Data entries:
-------------------------

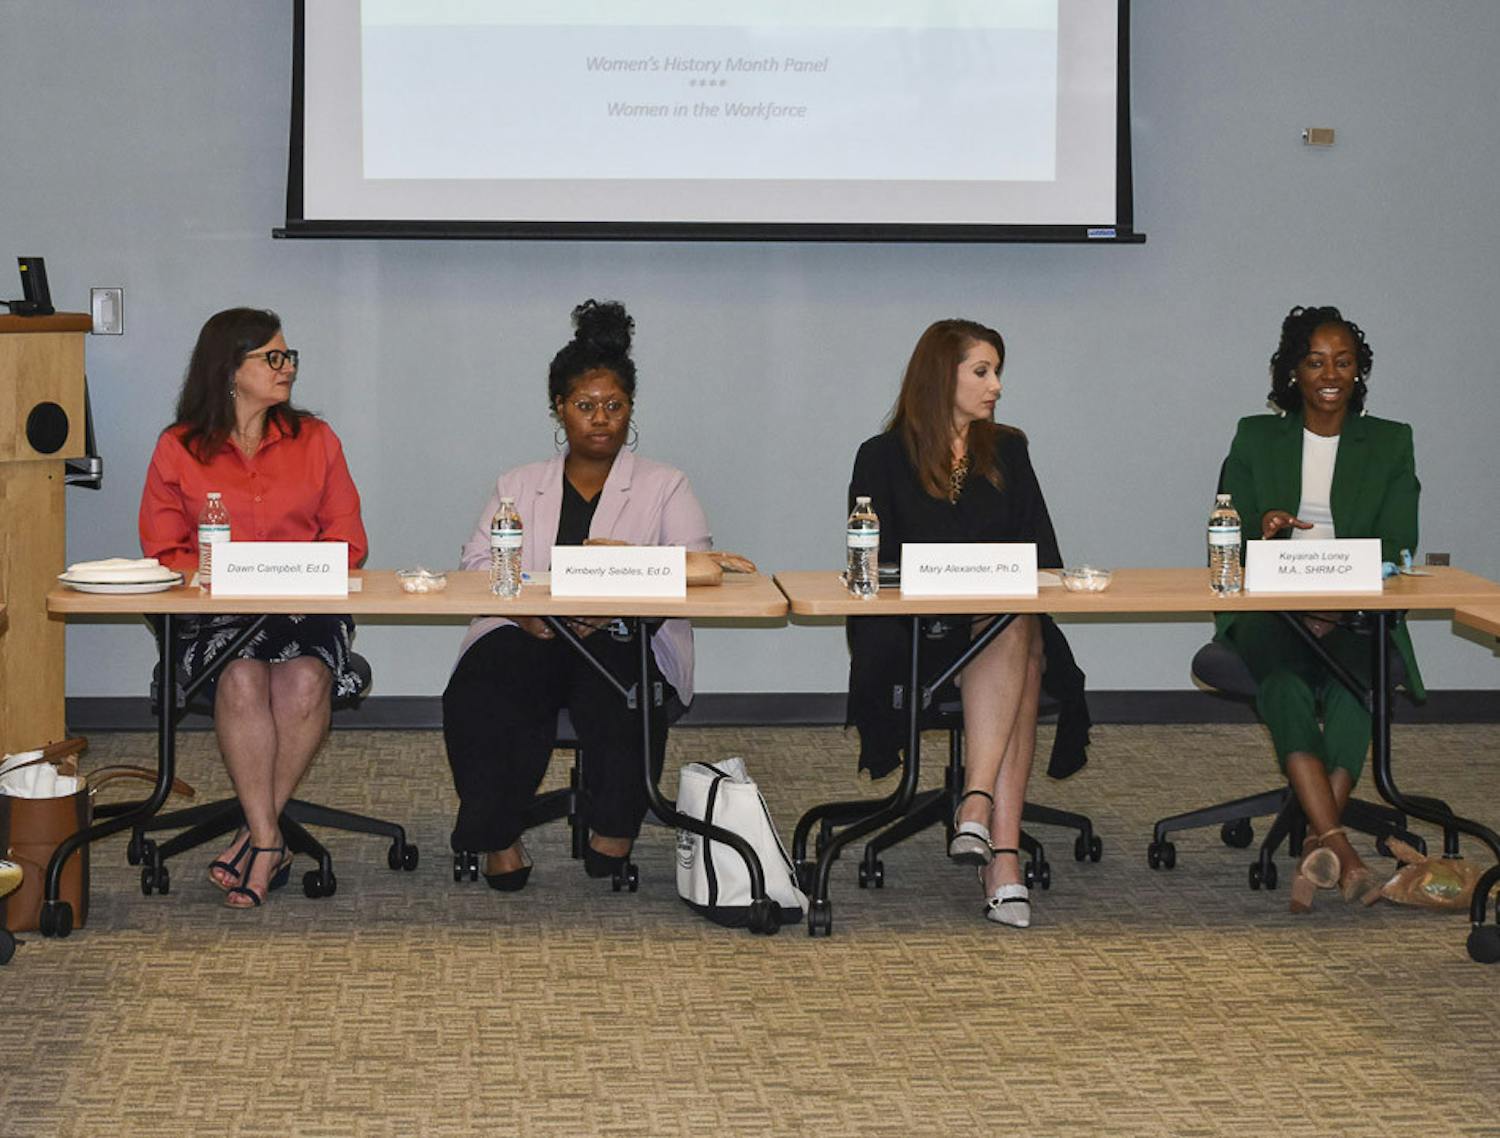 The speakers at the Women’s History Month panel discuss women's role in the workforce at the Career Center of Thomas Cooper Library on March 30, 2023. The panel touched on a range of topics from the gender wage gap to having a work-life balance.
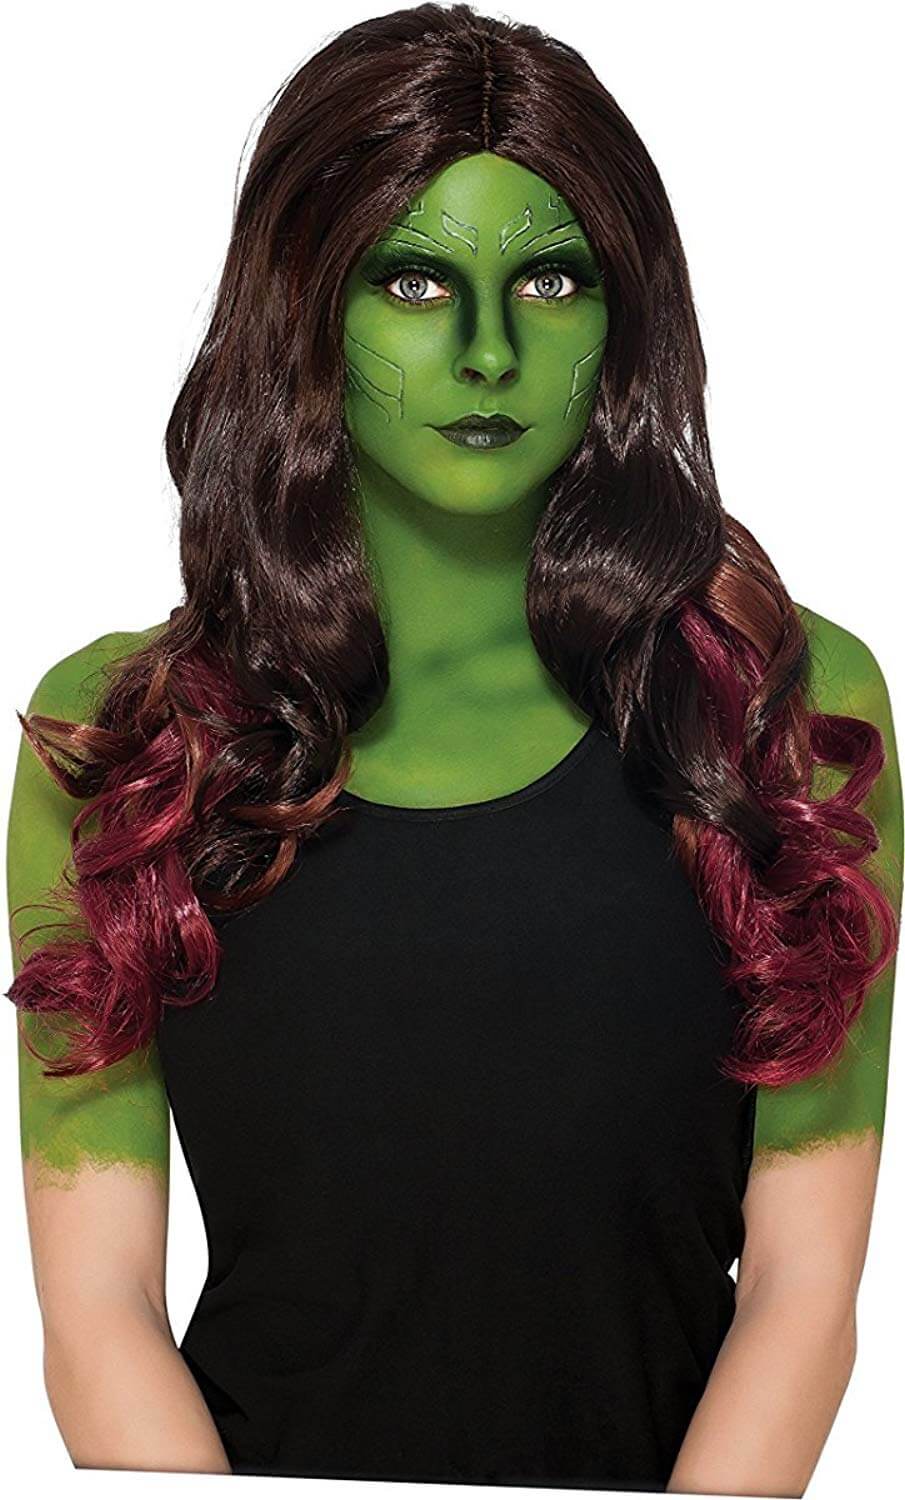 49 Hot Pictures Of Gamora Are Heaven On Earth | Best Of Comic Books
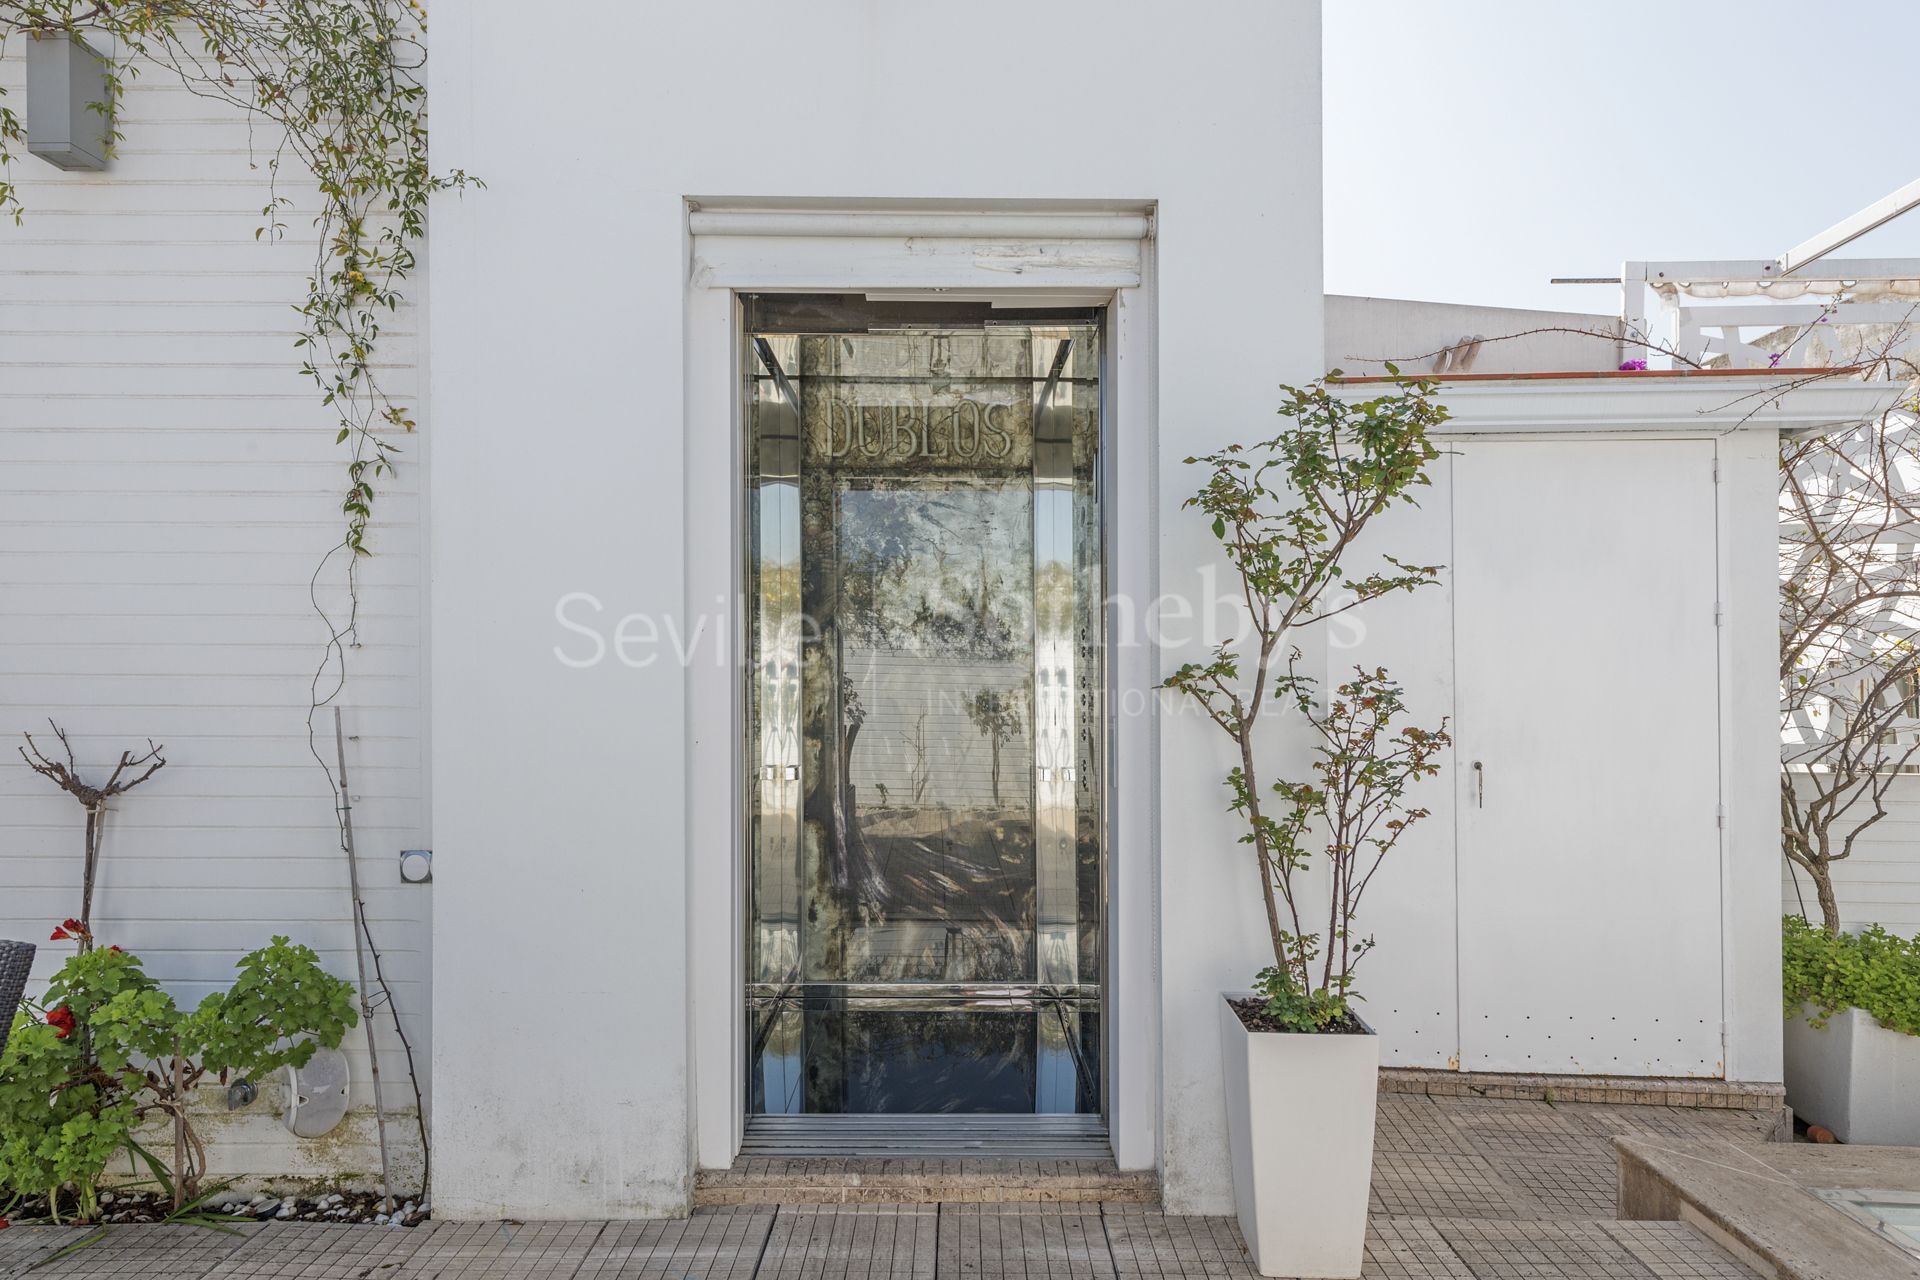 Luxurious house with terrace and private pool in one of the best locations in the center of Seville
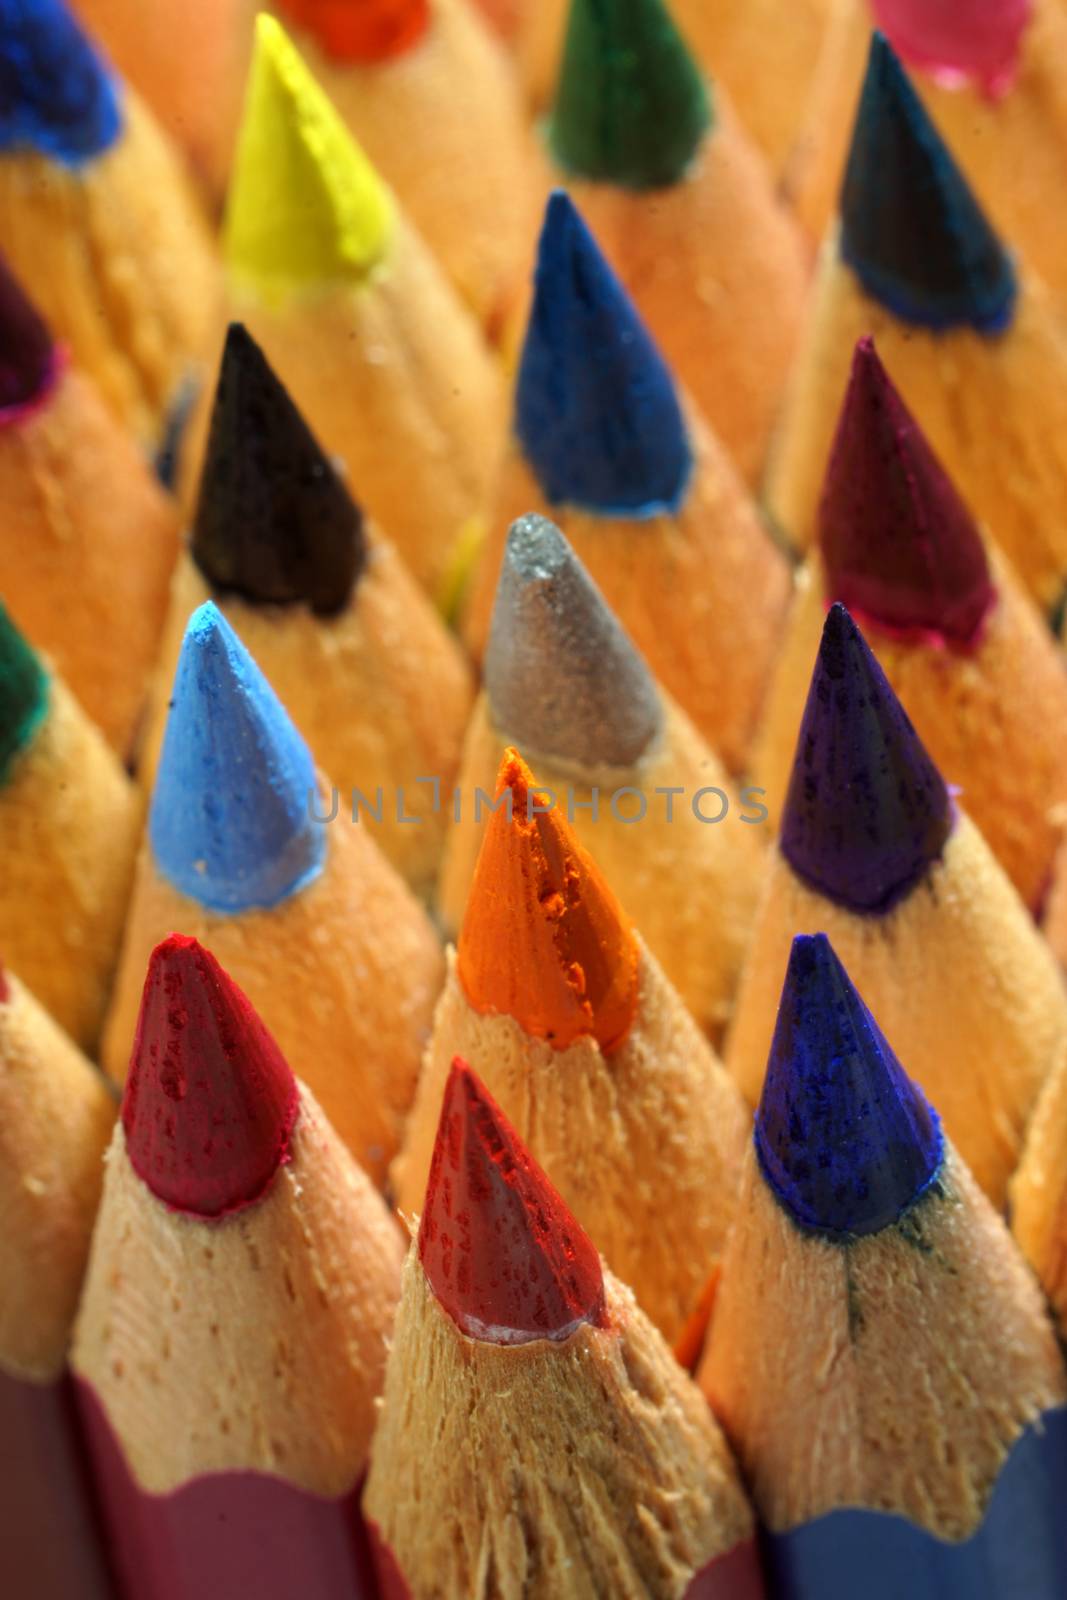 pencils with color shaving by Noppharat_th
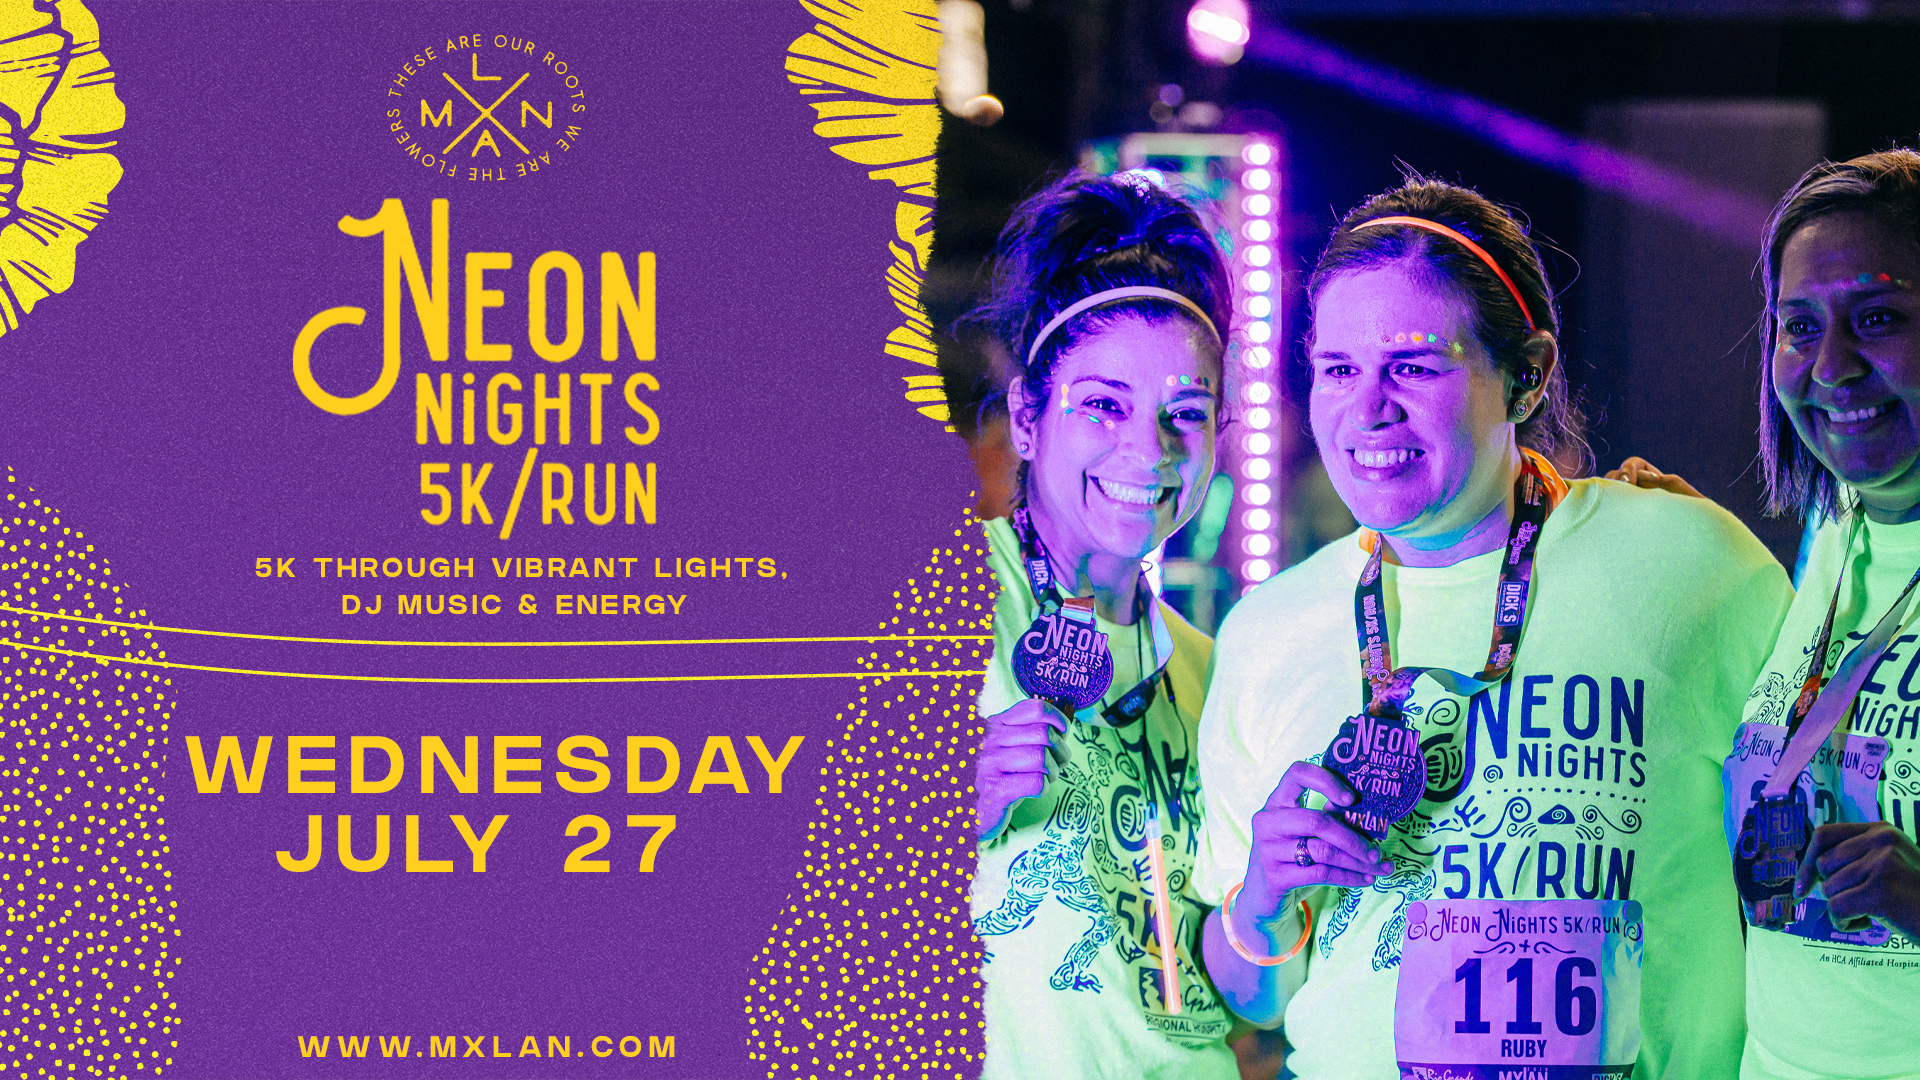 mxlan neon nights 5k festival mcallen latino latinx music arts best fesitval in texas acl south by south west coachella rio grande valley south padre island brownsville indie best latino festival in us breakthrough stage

-------------------------

EXERCISE REQUIREMENTS:
From the data above, retype only the lines starting with the line with "49 Hot Pictures" and going on through the line with "pencils with color shaving by Noppharat_th", exactly, leaving out the pictures.

ANSWER TO THIS TASK:
 49 Hot Pictures Of Gamora Are Heaven On Earth | Best Of Comic Books
 Luxurious house with terrace and private pool in one of the best locations in the center of Seville
 pencils with color shaving by Noppharat_th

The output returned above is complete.